English

Clinton's "anti-poverty" tour covers up deepening social polarization

It is difficult to decide whether nausea or derision is the more appropriate response to President Clinton's four-day tour of some of the poorest areas of the United States and his appeals to thousands of impoverished working people and unemployed to put their faith in the profit system.

The six locations which Clinton visited are among the most devastated in America—Appalachia, the Delta region of the state of Mississippi, East St. Louis, Pine Ridge Indian reservation, south Phoenix, and Watts in south-central Los Angeles. The responsibility for the conditions which prevail there lies, not with the impoverished residents, but with the social system based on private profit. Yet Clinton's prescription for the mass poverty, deprivation and utter hopelessness caused by capitalism is ... more capitalism! It is as though the US president had decided to take a tour of bomb-ravaged Belgrade in which he announced to the Serbian people that all they needed to make things right was a few more NATO air strikes.

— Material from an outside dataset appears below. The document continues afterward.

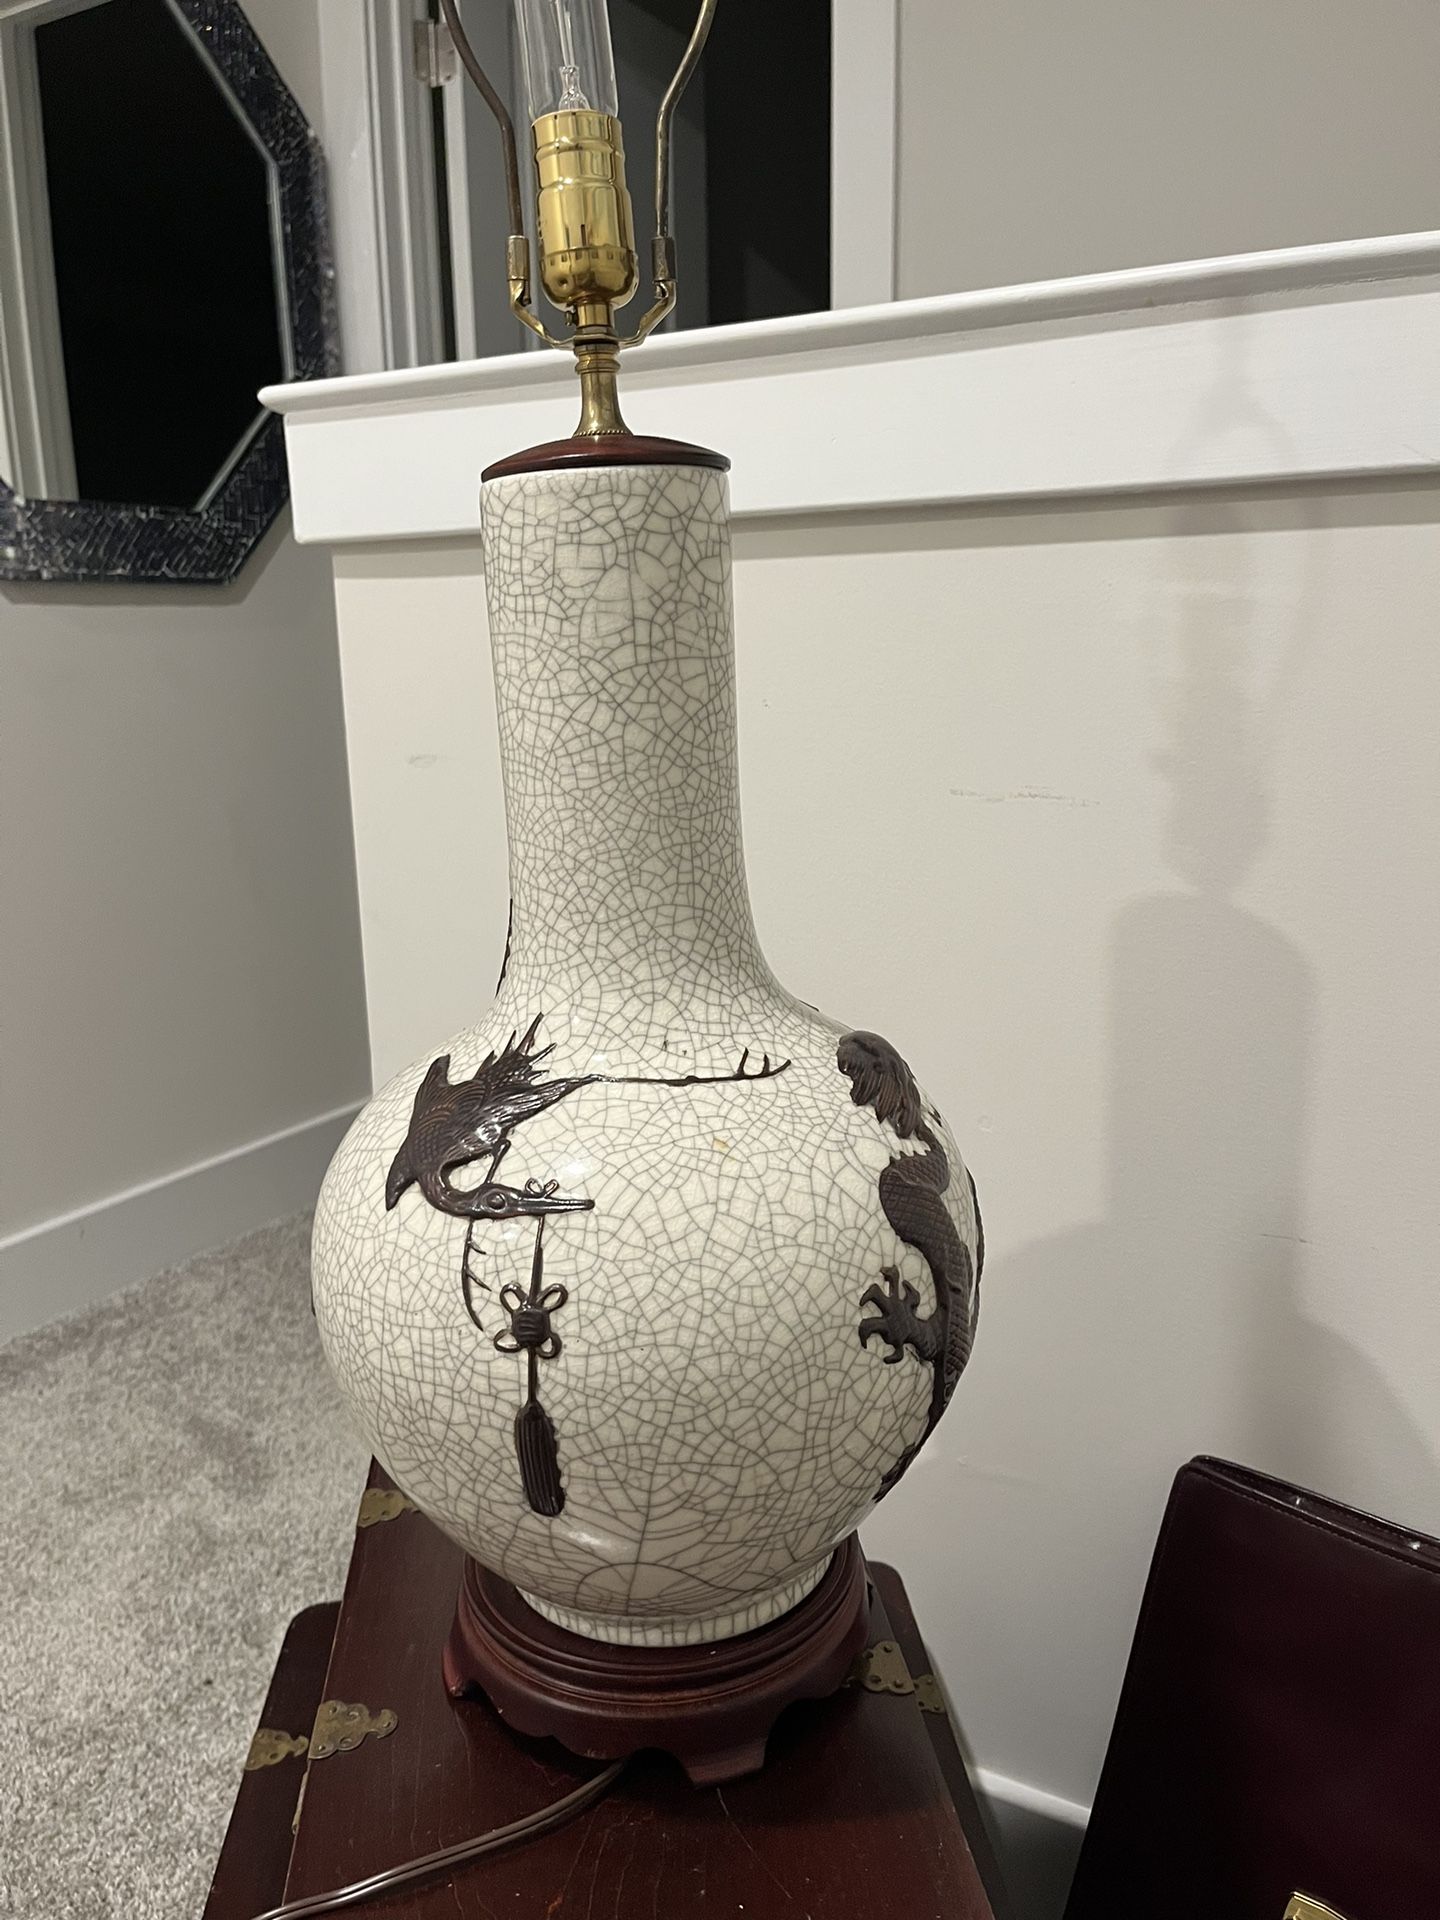 19th Century Chinese Porcelain Vase Turned Lamp
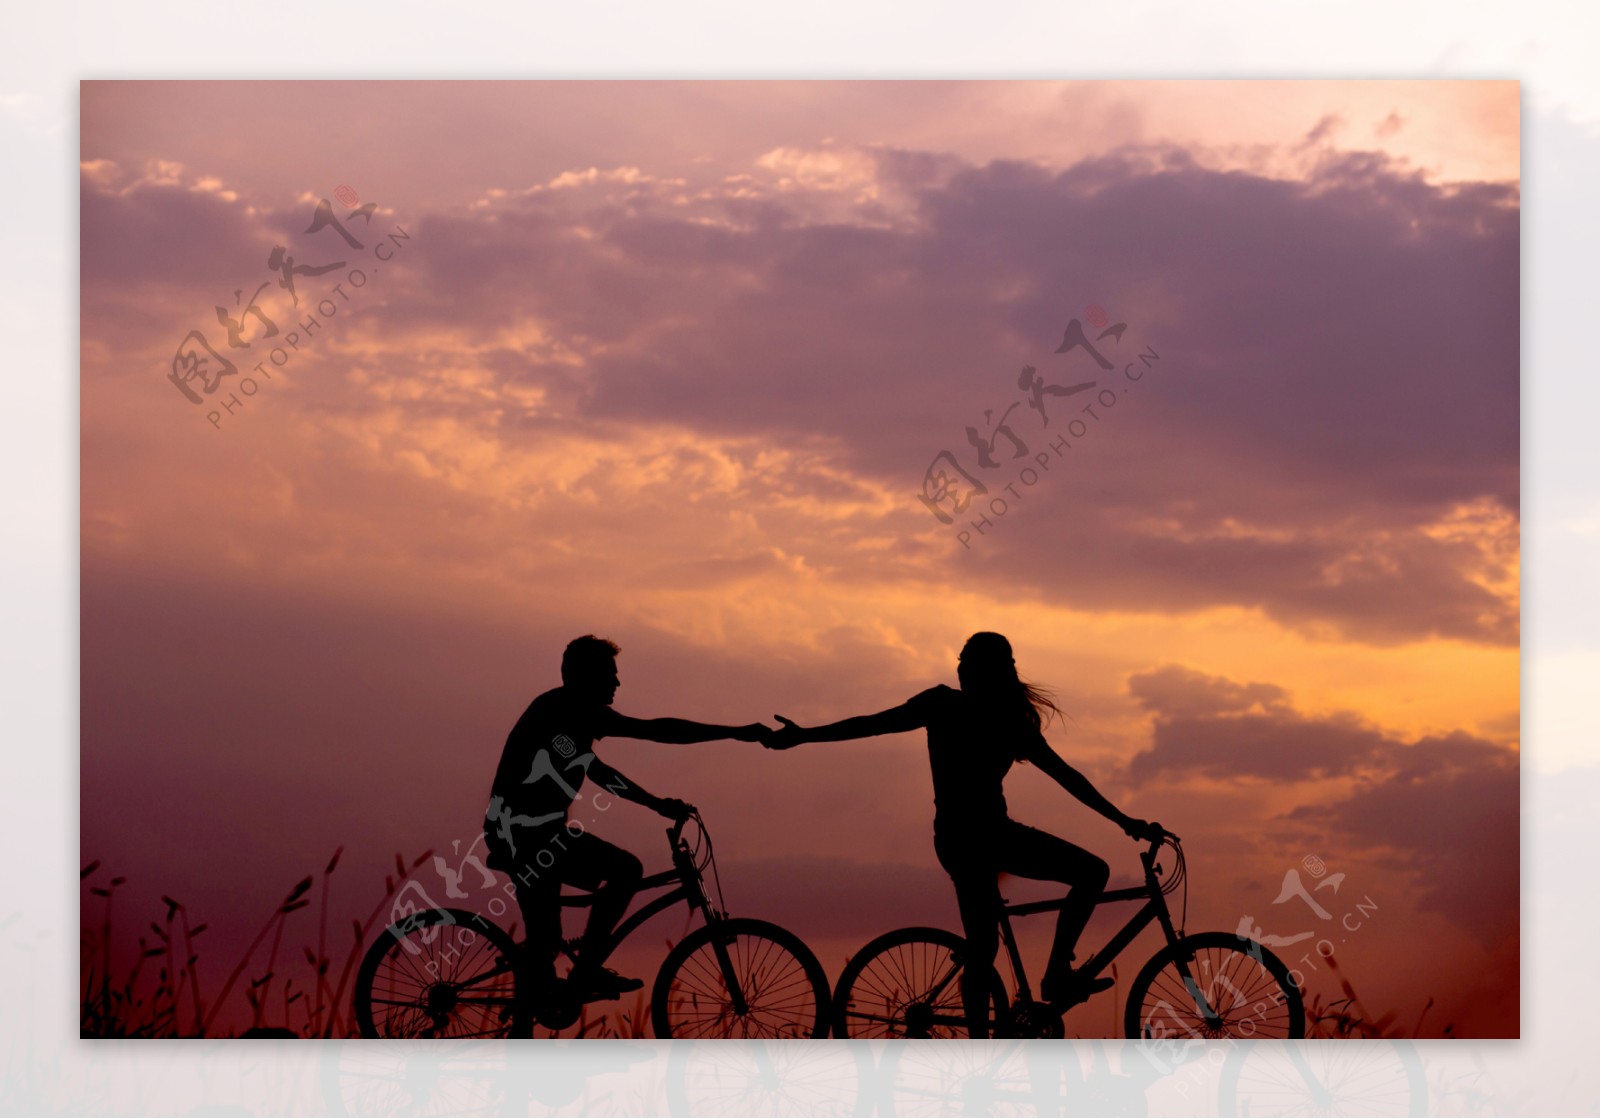 简单爱，动漫情侣骑单车唯美图片，卡通情侣…－堆糖，美好生活研究所

Clinton was the first president to visit Appalachia since Lyndon Johnson, the first to pay an official visit to an Indian reservation since Calvin Coolidge. This only demonstrates how consistently the American ruling class has shunned any contact with the poorest of the poor, through all the alternations of Republicans and Democrats, liberals and conservatives, in political office.

Clinton was not travelling to these areas to announce any major government initiative. He began his tour in Hazard, Kentucky, where Lyndon Johnson launched his abortive "war on poverty" in 1965. But the tiny scale of the programs which he proposed—$1.5 million for housing, $8 million for training, and tax incentives for corporations—only underscored the vast shift to the right in big business politics over the past three decades. Clinton made his tour, not to praise the war on poverty, but to bury it.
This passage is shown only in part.